Indexing is asynchronous. You enable RAG, the document is queued and embedded in the background, and only once its status is completed will queries return its chunks. The flow below is enable → poll → query.

The indexing flow

rag_processing_status moves through not_started → queued → processing → completed, or failed if embedding errors out. Don't query until it's completed.

1. Enable RAG on a document

POST /documents/:id/enable-rag queues the document for embedding and returns immediately. Pass force_reprocess: true to re-index a document that's already completed.

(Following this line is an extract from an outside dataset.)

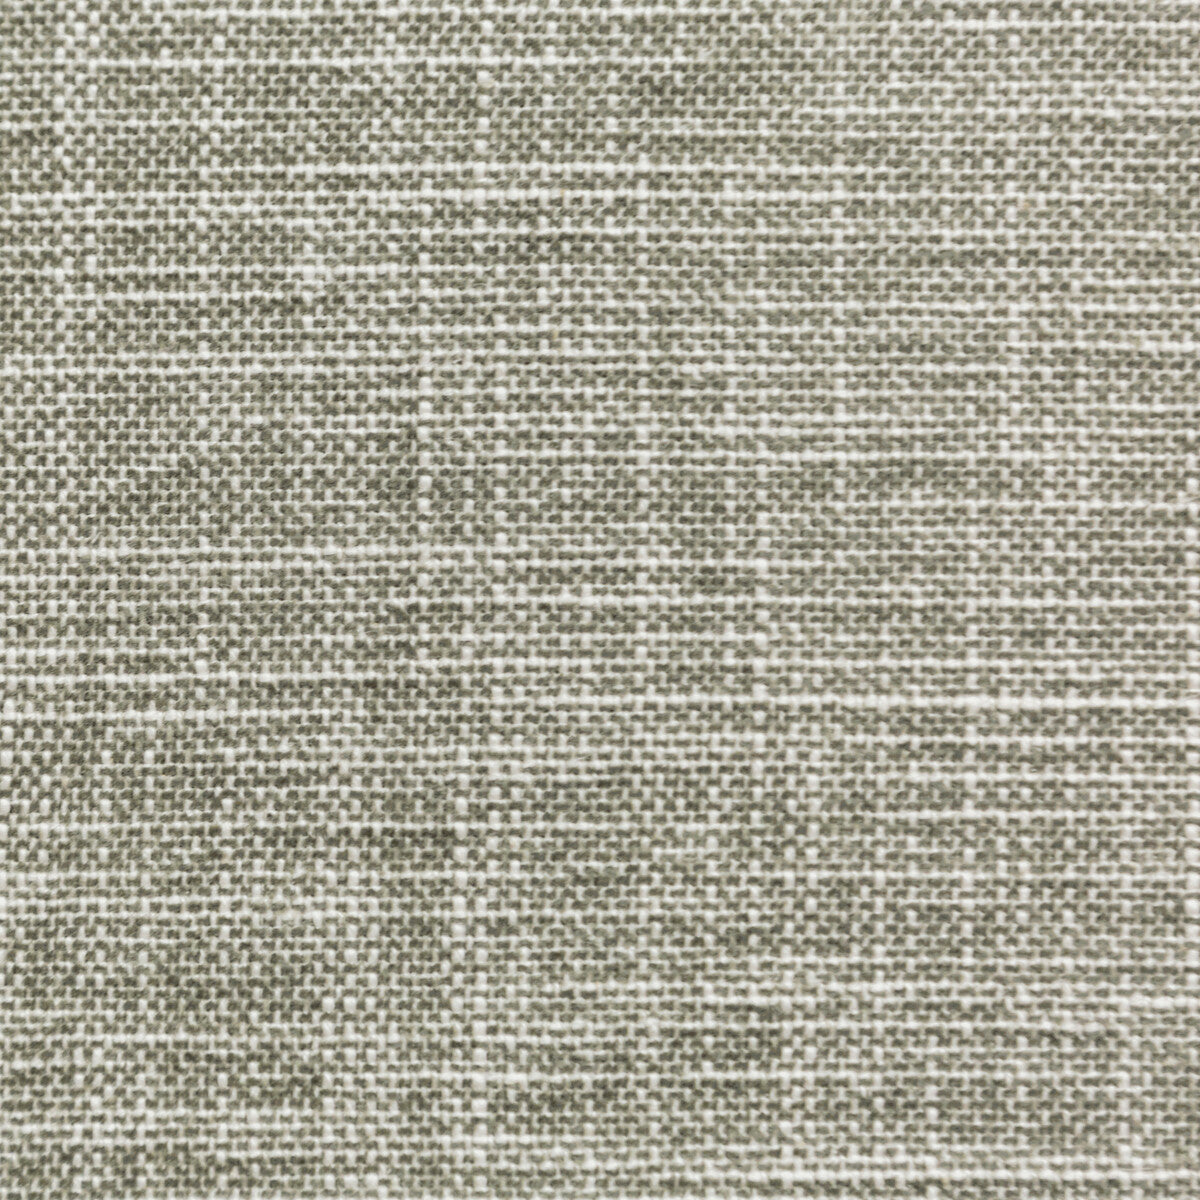 Okanda fabric in stone color - pattern 35768.21.0 - by Kravet Smart in the Performance Kravetarmor collection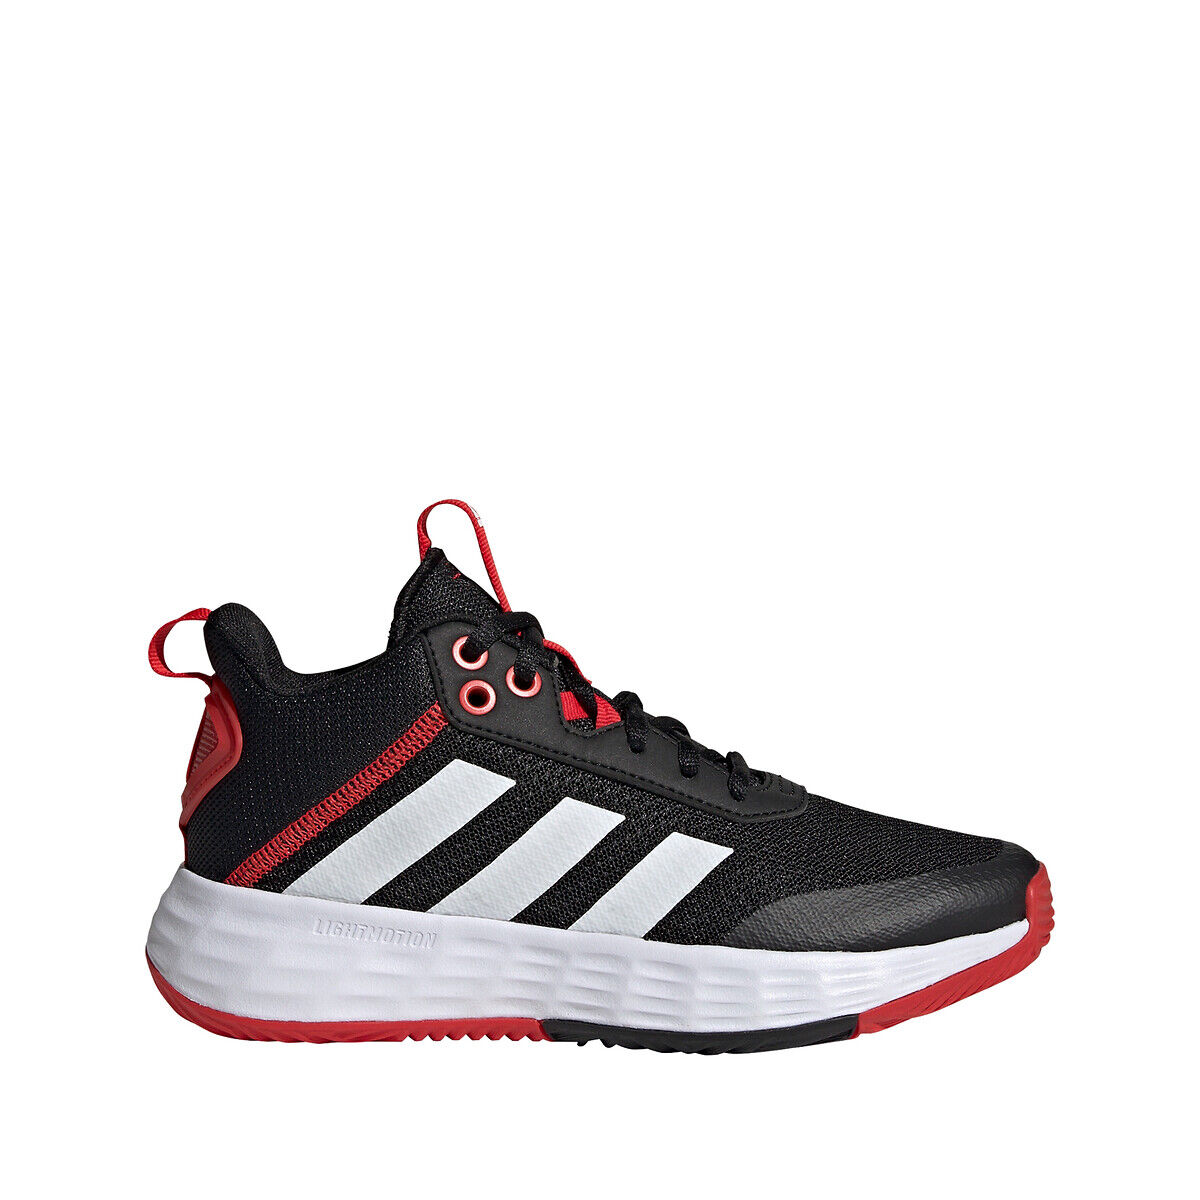 adidas Performance Baskets Ownthegame

BASE="https://apisandbox.turfai.in/api"
DOC_ID=45

curl -X POST "$BASE/documents/$DOC_ID/enable-rag" \
  -H "Authorization: Bearer $TURFAI_JWT" \
  -H "Content-Type: application/json" \
  -d '{ "force_reprocess": false }'

import os, requests

BASE = "https://apisandbox.turfai.in/api"
HEAD = {"Authorization": f"Bearer {os.environ['TURFAI_JWT']}", "Content-Type": "application/json"}
DOC_ID = 45

r = requests.post(f"{BASE}/documents/{DOC_ID}/enable-rag", headers=HEAD,
                  json={"force_reprocess": False})
r.raise_for_status()
print(r.json())  # {"status": "queued", "job_id": "...", "document_id": "45", ...}

const BASE = "https://apisandbox.turfai.in/api";
const HEAD = {
  Authorization: `Bearer ${process.env.TURFAI_JWT}`,
  "Content-Type": "application/json",
};
const DOC_ID = 45;

const res = await fetch(`${BASE}/documents/${DOC_ID}/enable-rag`, {
  method: "POST",
  headers: HEAD,
  body: JSON.stringify({ force_reprocess: false }),
});
console.log(await res.json()); // { status: "queued", job_id: "...", document_id: "45" }

{
  "status": "queued",
  "job_id": "rag-embed-45-1718800000000",
  "document_id": "45",
  "message": "Document queued for RAG processing"
}

Calling enable-rag on a document that's already processing (or already completed without force_reprocess) returns a 400. That's expected — treat it as "already indexing / indexed".

2. Poll the RAG status

GET /documents/:id/rag-status returns the live processing_status. Poll it until it's completed, then query. On failed, read the error field.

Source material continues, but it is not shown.